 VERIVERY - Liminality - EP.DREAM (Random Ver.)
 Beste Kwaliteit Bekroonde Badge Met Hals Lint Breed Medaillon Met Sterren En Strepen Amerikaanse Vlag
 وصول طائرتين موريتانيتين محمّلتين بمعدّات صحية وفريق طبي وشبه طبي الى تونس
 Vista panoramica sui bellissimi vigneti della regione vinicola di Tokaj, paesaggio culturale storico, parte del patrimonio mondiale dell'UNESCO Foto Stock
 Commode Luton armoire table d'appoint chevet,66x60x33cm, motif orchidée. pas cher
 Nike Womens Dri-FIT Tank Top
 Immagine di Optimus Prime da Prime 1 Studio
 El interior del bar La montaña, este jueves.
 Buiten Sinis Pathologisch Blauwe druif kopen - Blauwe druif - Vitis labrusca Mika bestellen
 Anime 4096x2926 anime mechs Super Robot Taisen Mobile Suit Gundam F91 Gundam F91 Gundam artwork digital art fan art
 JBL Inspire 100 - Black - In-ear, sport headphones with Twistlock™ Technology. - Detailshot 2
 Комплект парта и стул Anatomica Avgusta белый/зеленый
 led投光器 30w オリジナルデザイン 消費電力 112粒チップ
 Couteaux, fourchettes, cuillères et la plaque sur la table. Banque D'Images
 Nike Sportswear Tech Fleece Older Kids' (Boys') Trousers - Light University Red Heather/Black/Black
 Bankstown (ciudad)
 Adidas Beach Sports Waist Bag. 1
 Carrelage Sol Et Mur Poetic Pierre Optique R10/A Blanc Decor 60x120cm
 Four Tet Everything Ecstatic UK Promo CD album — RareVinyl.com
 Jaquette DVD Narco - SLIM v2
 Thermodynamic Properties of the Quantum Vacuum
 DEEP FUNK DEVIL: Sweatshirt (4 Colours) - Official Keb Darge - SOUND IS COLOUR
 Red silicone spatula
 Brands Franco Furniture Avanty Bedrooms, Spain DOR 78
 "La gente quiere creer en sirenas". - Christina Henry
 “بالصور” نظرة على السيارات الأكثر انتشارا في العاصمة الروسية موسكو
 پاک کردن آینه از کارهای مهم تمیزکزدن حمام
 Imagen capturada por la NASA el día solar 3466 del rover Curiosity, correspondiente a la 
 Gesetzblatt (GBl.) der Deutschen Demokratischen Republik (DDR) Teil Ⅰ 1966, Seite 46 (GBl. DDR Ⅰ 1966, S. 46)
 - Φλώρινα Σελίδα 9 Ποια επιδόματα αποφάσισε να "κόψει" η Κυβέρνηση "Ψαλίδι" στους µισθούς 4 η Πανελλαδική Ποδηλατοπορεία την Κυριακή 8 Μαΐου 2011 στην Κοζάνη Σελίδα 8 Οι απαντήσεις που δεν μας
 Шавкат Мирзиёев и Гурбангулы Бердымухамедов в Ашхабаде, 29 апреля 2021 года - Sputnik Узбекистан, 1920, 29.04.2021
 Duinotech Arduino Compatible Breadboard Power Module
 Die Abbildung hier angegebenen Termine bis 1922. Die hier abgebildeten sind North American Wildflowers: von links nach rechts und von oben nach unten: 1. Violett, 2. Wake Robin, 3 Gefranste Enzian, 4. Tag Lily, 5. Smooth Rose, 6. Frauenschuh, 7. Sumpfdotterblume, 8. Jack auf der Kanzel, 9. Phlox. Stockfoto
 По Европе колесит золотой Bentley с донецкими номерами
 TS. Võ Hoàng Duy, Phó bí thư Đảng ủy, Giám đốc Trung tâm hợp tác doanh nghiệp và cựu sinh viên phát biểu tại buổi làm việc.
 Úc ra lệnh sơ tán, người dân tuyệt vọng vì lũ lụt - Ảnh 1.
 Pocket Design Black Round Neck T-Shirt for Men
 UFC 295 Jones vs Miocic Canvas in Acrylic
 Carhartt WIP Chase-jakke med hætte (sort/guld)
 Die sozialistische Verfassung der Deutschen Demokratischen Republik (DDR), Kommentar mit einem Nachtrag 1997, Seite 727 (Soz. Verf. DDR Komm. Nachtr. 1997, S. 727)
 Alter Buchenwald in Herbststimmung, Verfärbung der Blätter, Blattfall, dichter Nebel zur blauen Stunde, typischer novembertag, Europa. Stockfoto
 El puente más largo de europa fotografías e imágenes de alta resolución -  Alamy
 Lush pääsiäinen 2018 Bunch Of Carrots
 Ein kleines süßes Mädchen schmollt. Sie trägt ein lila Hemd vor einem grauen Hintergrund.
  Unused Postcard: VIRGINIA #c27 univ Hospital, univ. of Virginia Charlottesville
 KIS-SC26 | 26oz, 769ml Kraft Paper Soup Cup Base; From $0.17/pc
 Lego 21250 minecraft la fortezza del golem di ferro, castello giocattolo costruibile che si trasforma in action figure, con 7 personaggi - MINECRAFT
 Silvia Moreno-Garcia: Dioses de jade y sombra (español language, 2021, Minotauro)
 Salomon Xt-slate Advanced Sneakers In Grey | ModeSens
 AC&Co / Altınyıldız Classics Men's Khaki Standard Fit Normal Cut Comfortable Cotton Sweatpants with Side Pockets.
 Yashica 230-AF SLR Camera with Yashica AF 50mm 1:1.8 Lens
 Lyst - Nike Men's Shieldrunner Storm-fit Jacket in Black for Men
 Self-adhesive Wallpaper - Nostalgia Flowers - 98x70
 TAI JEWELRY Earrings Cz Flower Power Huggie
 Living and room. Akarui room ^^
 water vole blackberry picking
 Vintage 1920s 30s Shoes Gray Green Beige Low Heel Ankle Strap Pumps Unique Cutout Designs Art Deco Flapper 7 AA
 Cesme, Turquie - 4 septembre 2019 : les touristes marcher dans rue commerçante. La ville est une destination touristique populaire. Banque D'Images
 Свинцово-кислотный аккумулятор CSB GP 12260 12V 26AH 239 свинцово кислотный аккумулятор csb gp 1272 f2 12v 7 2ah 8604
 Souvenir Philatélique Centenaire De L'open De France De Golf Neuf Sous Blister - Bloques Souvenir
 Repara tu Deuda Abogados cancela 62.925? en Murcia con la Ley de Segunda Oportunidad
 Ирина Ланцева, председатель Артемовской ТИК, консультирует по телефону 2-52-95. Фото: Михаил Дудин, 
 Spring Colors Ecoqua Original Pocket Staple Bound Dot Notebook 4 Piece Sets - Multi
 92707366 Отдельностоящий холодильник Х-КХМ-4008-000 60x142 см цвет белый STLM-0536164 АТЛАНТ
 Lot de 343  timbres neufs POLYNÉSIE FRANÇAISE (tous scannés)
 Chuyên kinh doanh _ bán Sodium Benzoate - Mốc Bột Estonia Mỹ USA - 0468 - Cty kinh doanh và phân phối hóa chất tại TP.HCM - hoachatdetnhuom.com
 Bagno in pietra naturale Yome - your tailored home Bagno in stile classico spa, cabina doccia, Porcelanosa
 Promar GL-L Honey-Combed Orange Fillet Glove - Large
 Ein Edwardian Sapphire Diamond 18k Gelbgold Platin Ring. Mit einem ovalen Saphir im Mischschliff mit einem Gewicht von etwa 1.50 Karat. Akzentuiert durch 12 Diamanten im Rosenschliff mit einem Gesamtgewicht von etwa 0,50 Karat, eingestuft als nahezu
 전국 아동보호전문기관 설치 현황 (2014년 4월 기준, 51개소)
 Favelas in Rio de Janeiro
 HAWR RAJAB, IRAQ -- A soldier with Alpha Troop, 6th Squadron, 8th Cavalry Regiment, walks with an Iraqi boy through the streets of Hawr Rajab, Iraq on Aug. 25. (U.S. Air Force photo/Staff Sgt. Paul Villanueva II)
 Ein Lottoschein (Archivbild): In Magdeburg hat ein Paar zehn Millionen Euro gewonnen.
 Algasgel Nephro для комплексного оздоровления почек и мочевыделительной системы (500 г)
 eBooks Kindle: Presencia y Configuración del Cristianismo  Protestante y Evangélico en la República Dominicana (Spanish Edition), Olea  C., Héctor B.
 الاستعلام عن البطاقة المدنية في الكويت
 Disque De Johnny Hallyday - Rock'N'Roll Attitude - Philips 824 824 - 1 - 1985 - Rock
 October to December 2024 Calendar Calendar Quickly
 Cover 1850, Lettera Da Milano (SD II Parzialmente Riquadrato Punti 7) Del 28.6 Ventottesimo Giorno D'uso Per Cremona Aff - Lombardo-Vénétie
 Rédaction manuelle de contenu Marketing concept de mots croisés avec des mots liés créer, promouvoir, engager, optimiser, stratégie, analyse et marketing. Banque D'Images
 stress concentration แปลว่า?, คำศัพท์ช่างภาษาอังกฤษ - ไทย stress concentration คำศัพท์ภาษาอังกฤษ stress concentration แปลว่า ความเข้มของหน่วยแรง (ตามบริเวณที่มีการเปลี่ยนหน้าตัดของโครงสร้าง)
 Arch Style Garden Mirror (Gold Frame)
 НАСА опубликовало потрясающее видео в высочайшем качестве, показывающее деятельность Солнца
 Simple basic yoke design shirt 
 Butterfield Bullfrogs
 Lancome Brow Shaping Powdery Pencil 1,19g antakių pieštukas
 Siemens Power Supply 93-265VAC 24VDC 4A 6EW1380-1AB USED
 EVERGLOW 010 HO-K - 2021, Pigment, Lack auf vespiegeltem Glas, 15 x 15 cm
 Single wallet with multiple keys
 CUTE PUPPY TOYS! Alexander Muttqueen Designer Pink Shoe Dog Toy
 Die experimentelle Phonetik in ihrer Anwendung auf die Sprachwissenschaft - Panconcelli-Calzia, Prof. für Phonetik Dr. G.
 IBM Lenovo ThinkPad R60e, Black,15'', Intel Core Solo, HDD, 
***
#### [Instructions to follow]
Select all lines in the listing above where the word "einem" appears, and show them.

#### [Solution]
 Die sozialistische Verfassung der Deutschen Demokratischen Republik (DDR), Kommentar mit einem Nachtrag 1997, Seite 727 (Soz. Verf. DDR Komm. Nachtr. 1997, S. 727)
 Ein kleines süßes Mädchen schmollt. Sie trägt ein lila Hemd vor einem grauen Hintergrund.
 Ein Edwardian Sapphire Diamond 18k Gelbgold Platin Ring. Mit einem ovalen Saphir im Mischschliff mit einem Gewicht von etwa 1.50 Karat. Akzentuiert durch 12 Diamanten im Rosenschliff mit einem Gesamtgewicht von etwa 0,50 Karat, eingestuft als nahezu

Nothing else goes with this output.